What is Speech Pathology, and can I use NDIS funding?

How do I tell if Speech Pathology can help?

Speech Pathology is a vital therapy for many people struggling with communication skills which may include verbal, visual or social communication.


In this article, we discuss: what Speech Pathology is, and what the costs are for you. You’ll discover what funding is available for it, and what you need to provide to be approved for it in your NDIS Plan.

Four adults holding blank coloured speech bubbles and smiling

What is Speech Pathology?

Speech Pathologists are university qualified practitioners who have studied the use and implementation of language from a verbal, visual and social perspective. They work closely with their patient to improve communication skills for a wide range of developmental delays, injuries and medical conditions causing reduced communication abilities in individuals.

In addition, because Speech Pathologists understand communication in its various forms, they are skilled at assisting with literacy learning delays and can help patients who have trouble with eating and swallowing food. Their skills are varied and may be deemed reasonable and necessary supports for you or your child.

The Speech Pathologist is known under a wide range of titles such as:

  1. Speech Pathologist

  2. Speech-Language Pathologist

  3. Speech Therapy or Speech Therapist

  4. Speech Teacher

There is little to no difference between the titles of the therapist, but the most commonly accepted name is Speech Pathologist or Speech Therapist.
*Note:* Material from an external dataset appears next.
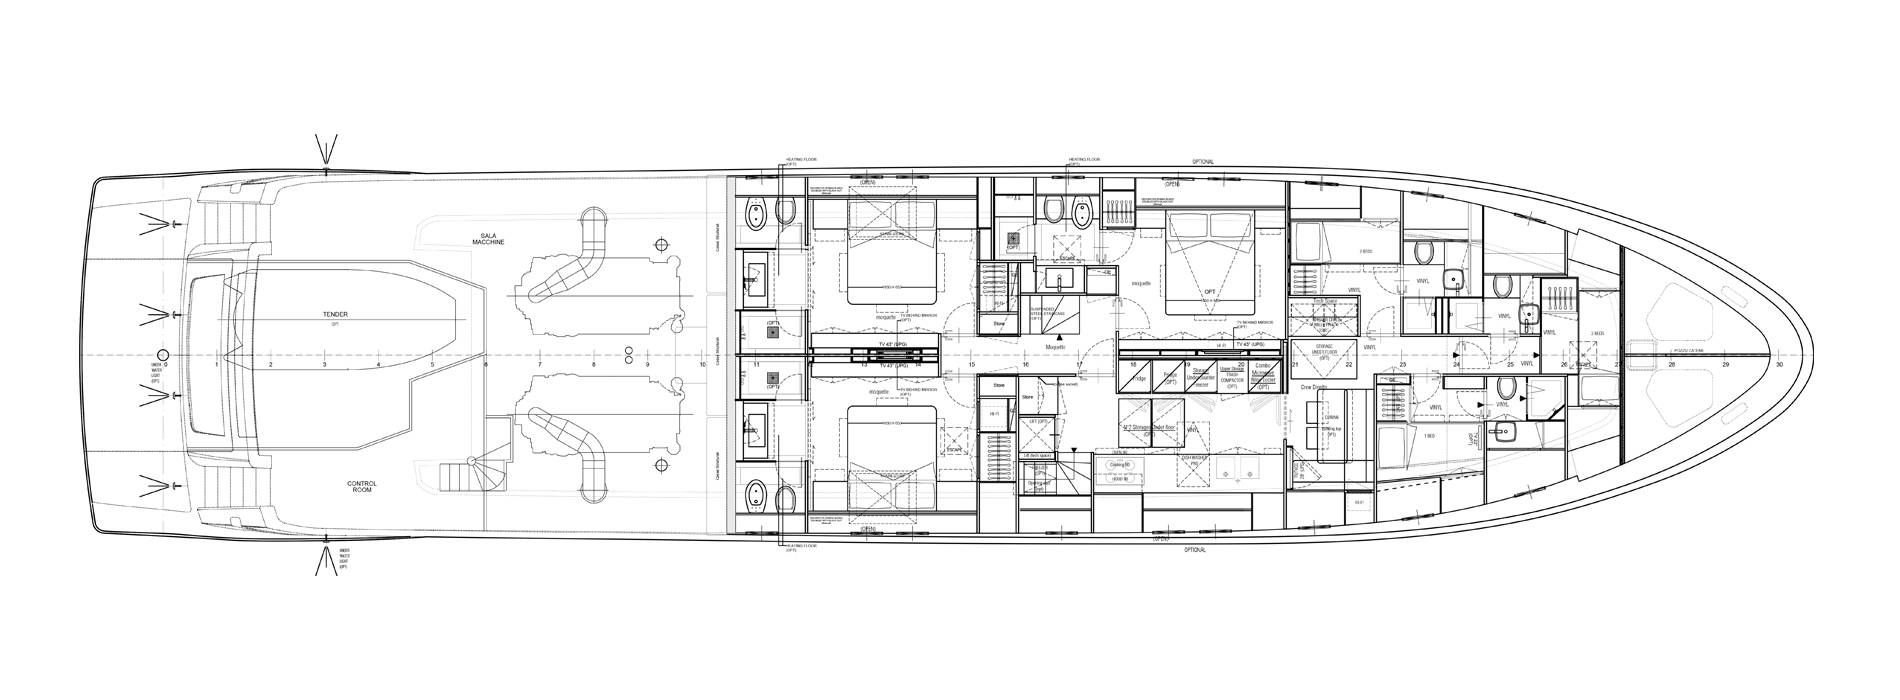 Sanlorenzo Yachts SL106-725 Нижняя палуба

What support does a Speech Therapist offer?

Speech Therapists offer a range of supports for varying issues related to communication and the use of language. Many of the supports are offered to children in the early years, where they may have language delays both with the understanding of others and being understood by others.


The reasons why you might need speech therapy differ from person to person.

They can help with:

  1. Stuttering

  2. Unclear speech

  3. Cerebral Palsy

  4. Autism Spectrum Disorder

  5. Neurological conditions

  6. Swallowing or chewing difficulties

  7. Intellectual disabilities (e.g. reading or communication difficulties)

Typically, in these situations, the Speech-Language Pathologist will conduct an assessment of your child’s abilities and propose a program aimed at increasing the skills and ability of your child. And, if you or your child has trouble with swallowing or feeding, a Speech Pathologist will intervene with exercises and techniques to improve your condition.

An additional area where Speech Pathologists expertise is required can be to assist professionals with the diagnosis of Autism Spectrum Disorder.

Typically, the assessment will be completed with one or more other specialists and the Speech Pathologist will follow ‘The Clinical Evaluation of Language Fundamentals (CELF)’ in receptive language, expressive language and social language skills.

Conditions more often found in older people which may require the intervention of a Speech Therapy Specialist include:

  • Strokes and brain injuries

  • Dementia

  • Hearing loss

Where can I find a Speech Pathologist?

As with most things, the best way to find a Speech Pathologist is by word of mouth through a trusted friend or colleague. Failing that, you can find in-practice and mobile therapists on the Speech Pathology Australia website.


Make sure you are clear about what you are trying to achieve with your therapist. You can even share your, or your child’s NDIS participant goals so they have a clearer picture of how they can support you.


If you find that you’re not compatible, you have the right to change therapists. Make sure you keep searching until you find someone you are happy with, and can relate to.

How the NDIS can help with the cost of Speech Therapy?

The National Disability Insurance Scheme (NDIS) has been established to assist eligible people who have a permanent and significant disability and give them access to individualised support to improve their skills and independence.


The NDIS is about helping you live your best life and your funding decisions are based on the goals you put in your plan. Speech Pathology is funded as a ‘Capacity Building’ support, and to apply for it in your NDIS plan, you’ll need to provide a recent assessment and report from a Speech Pathologist that shows how their therapy will help you reach your NDIS goals.

How do I prove to the NDIS that Speech Therapy is necessary?

The Speech Pathologist should provide clear recommendations on what goals they will be working to achieve with you or your child. As a result, the Speech Therapist will need to compile an NDIS Statement of Outcomes for you to submit during your planning meeting for the NDIA Agency to make an informed decision, and subsequent approval.


For participants using a Speech Therapist for NDIS purposes, you will need to arrange a Service Agreement which will document the fees and charges related to the service, including how much, they’ll charge for a NDIS Outcomes Report. Refer to Speech Pathology Australia’s website for an indication of fees for service.


If you think Speech Therapy could help you or your child, reach out to find someone you can work with. We hope the information here provides you some ideas on how to find a Speech Therapist and what you can do to apply for this type of therapy in your NDIS plan.